*Material for the task*:
▬▬▬▬▬▬▬▬▬▬

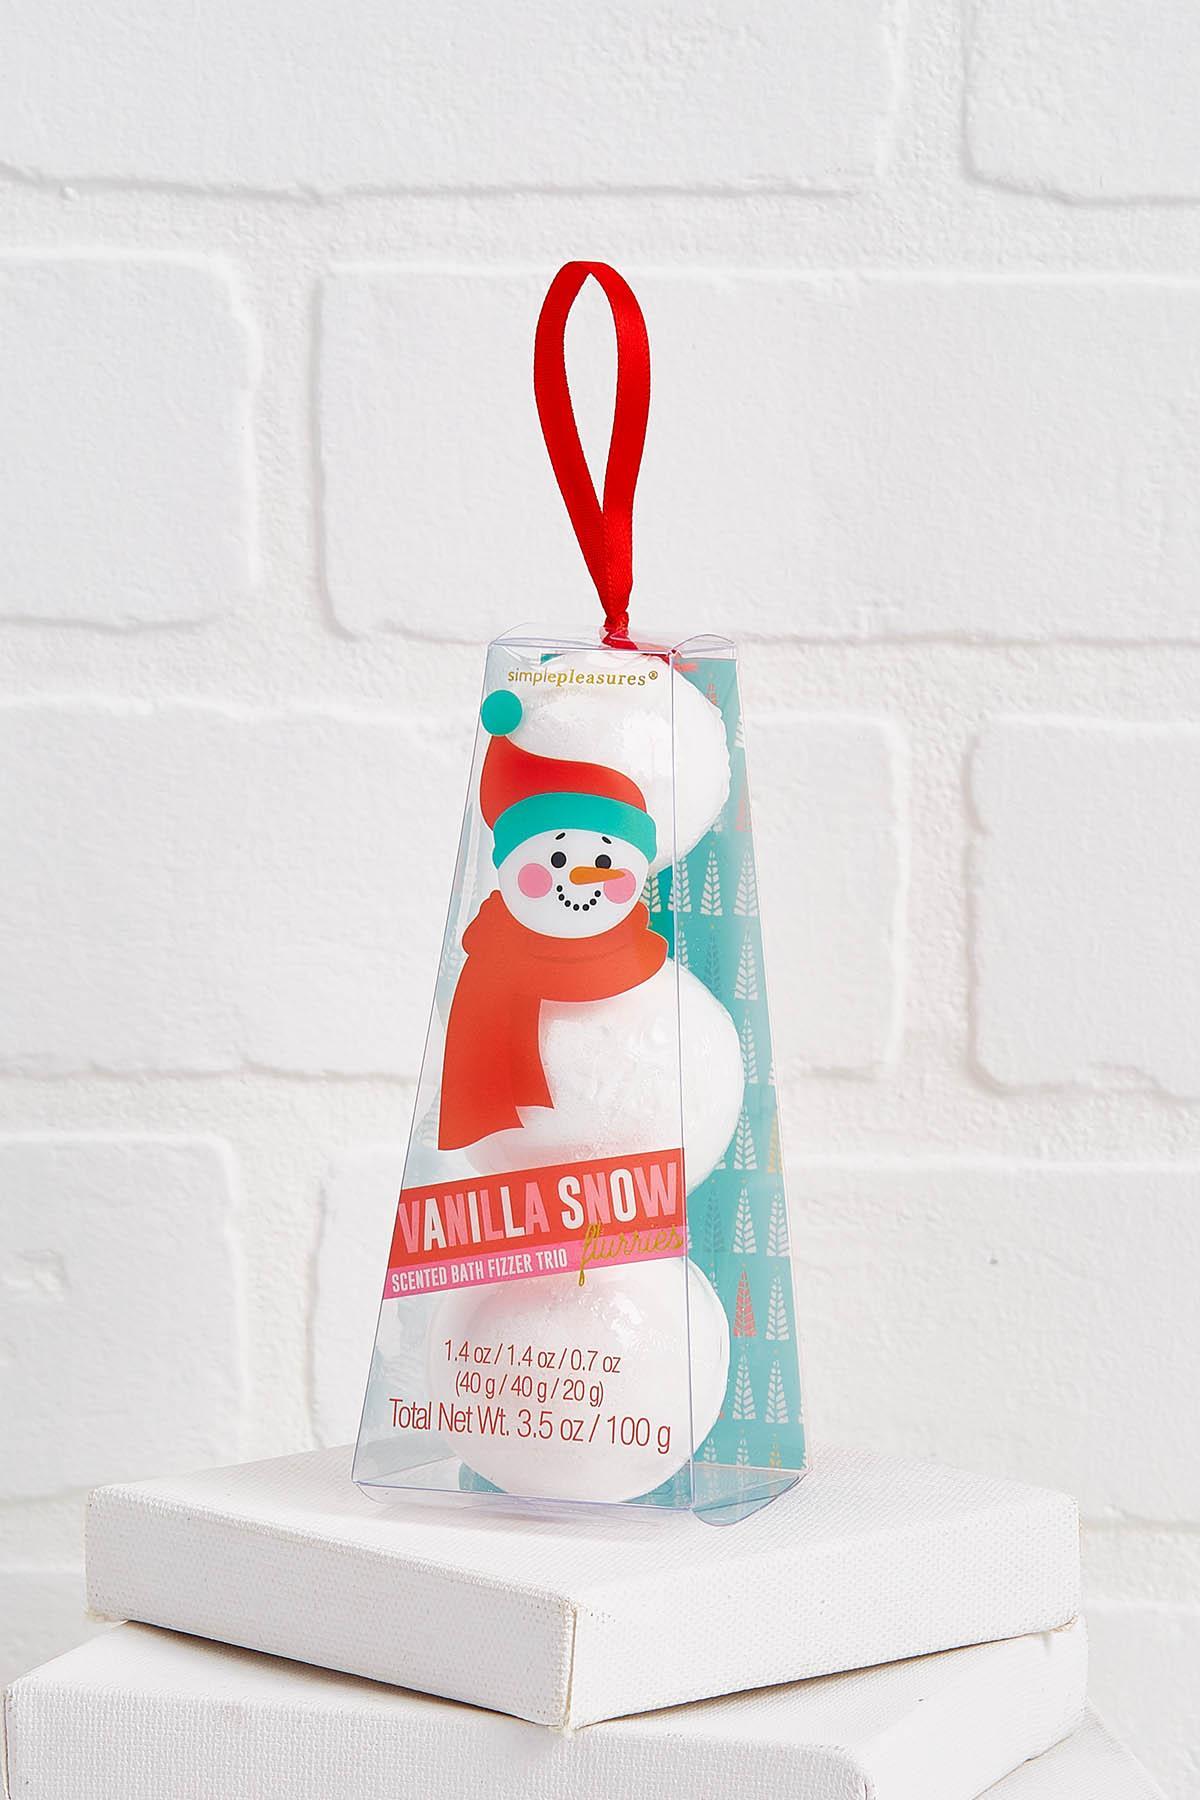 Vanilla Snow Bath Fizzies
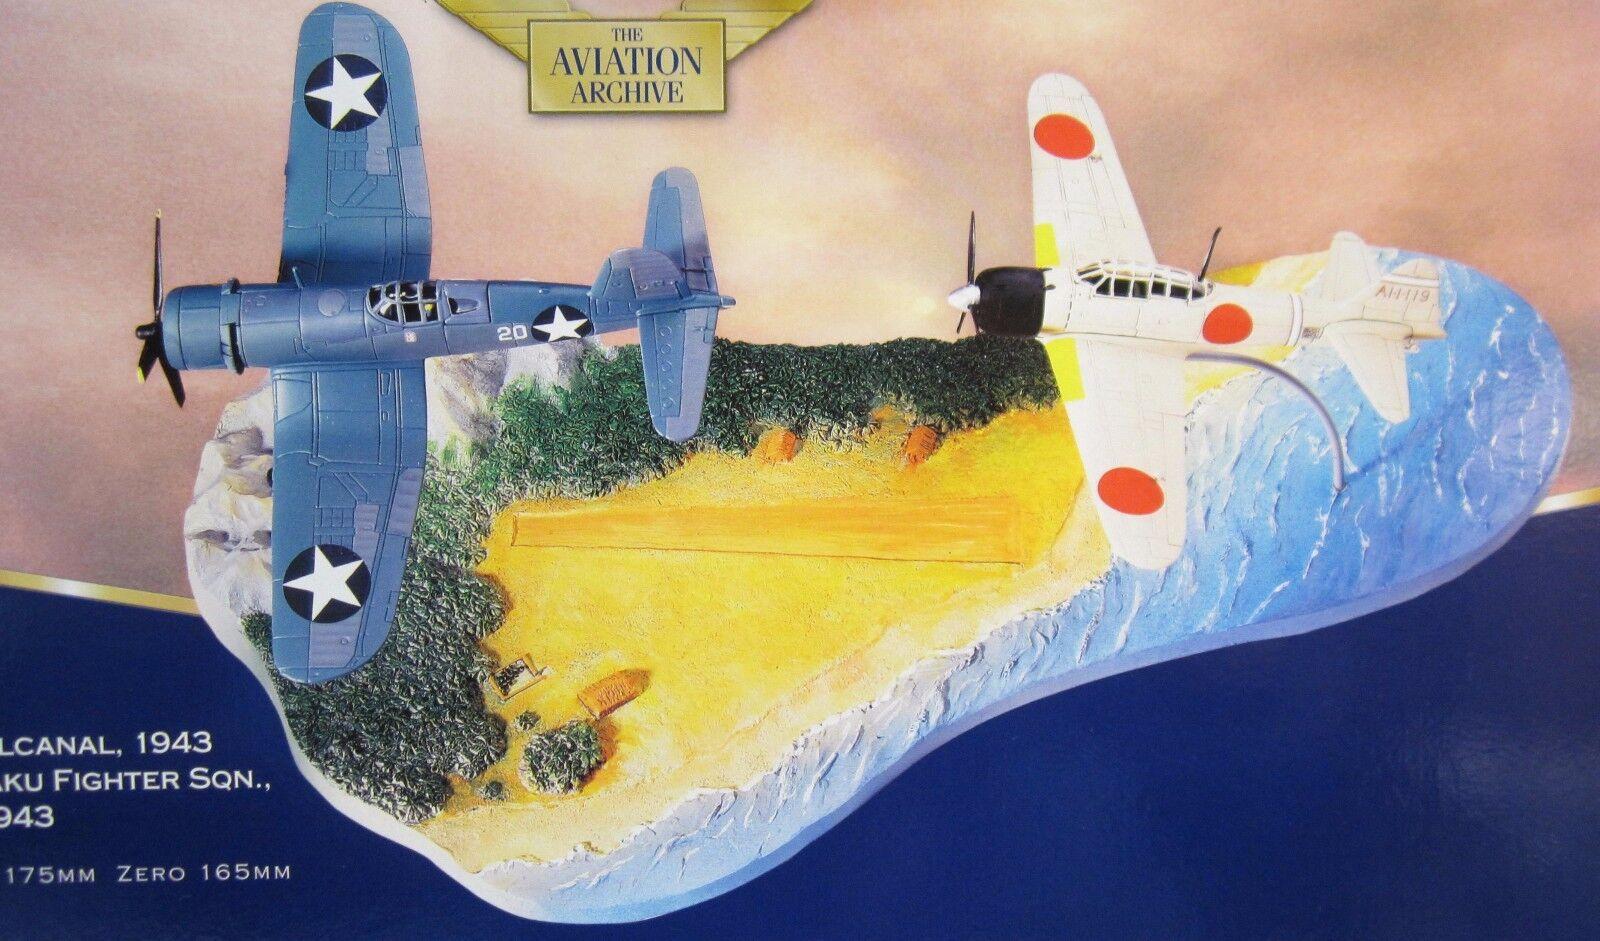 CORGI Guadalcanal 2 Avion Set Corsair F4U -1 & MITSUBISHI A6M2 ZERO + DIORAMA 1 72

▬▬▬▬▬▬▬▬▬▬

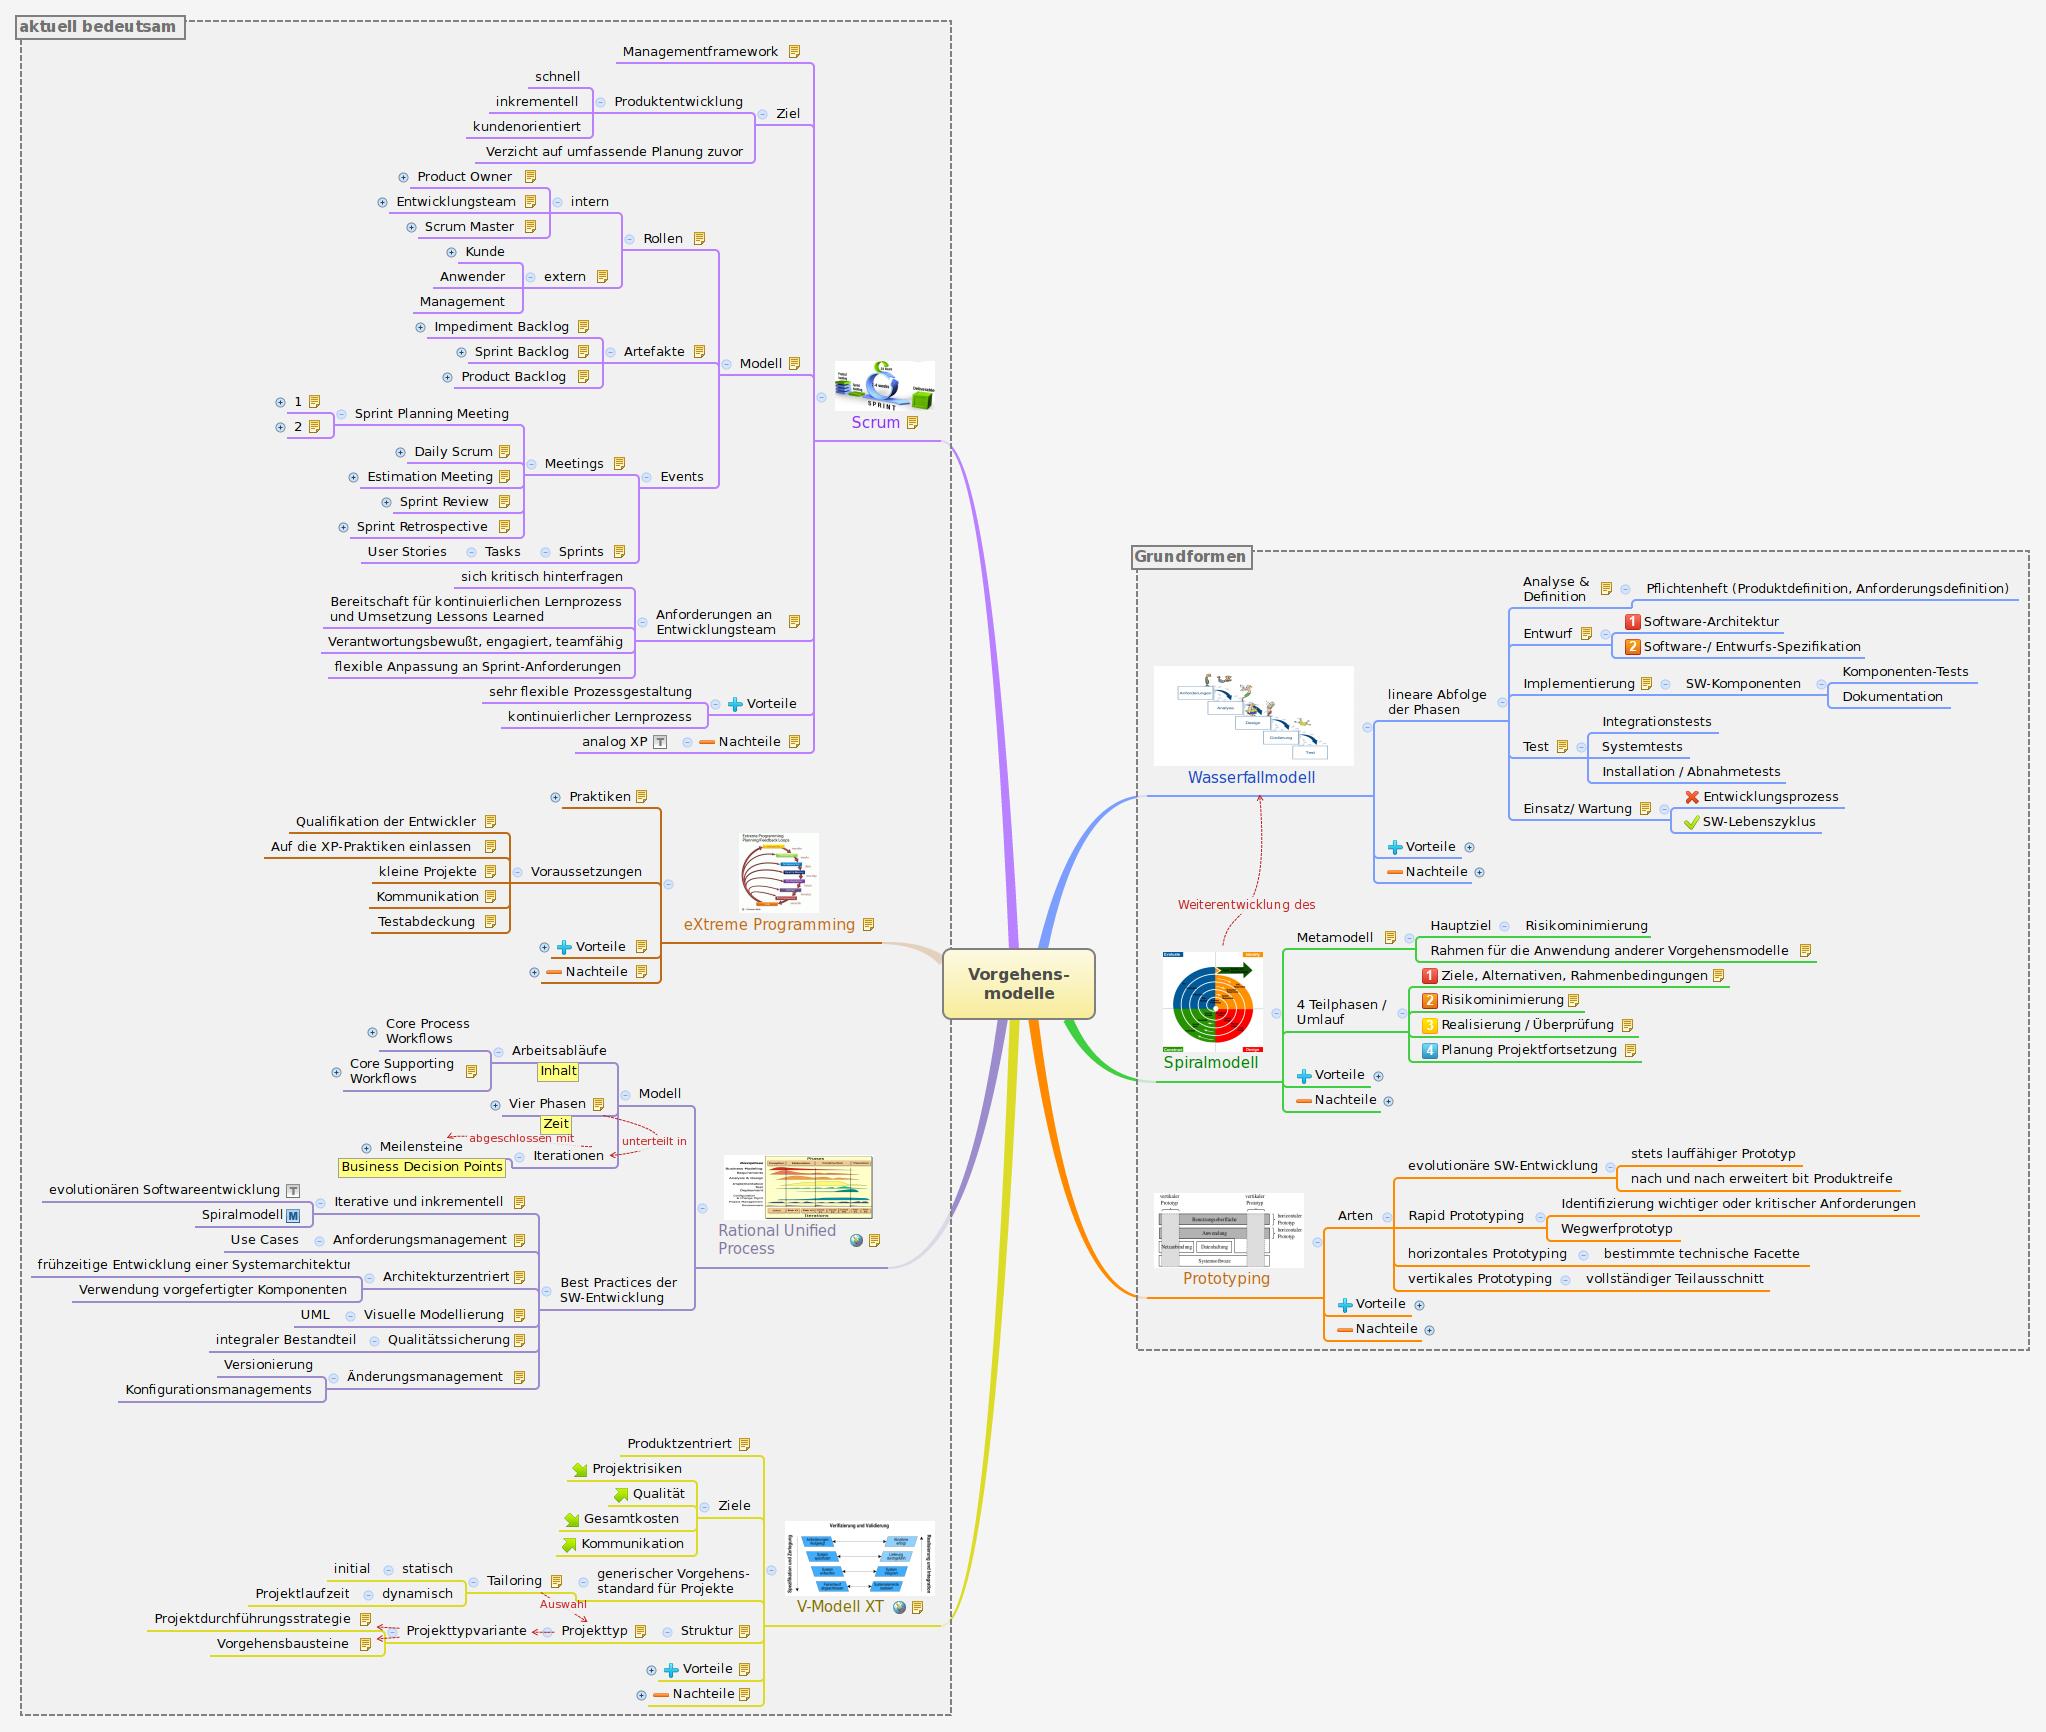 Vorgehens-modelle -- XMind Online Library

▬▬▬▬▬▬▬▬▬▬

*Problem to work on*:
From the data above, return only the lines starting at the line that holds "Vanilla Snow Bath Fizzies" and ending at the line that holds "CORGI Guadalcanal 2", word for word and without pictures.

*Task response*:
 Vanilla Snow Bath Fizzies
 CORGI Guadalcanal 2 Avion Set Corsair F4U -1 & MITSUBISHI A6M2 ZERO + DIORAMA 1 72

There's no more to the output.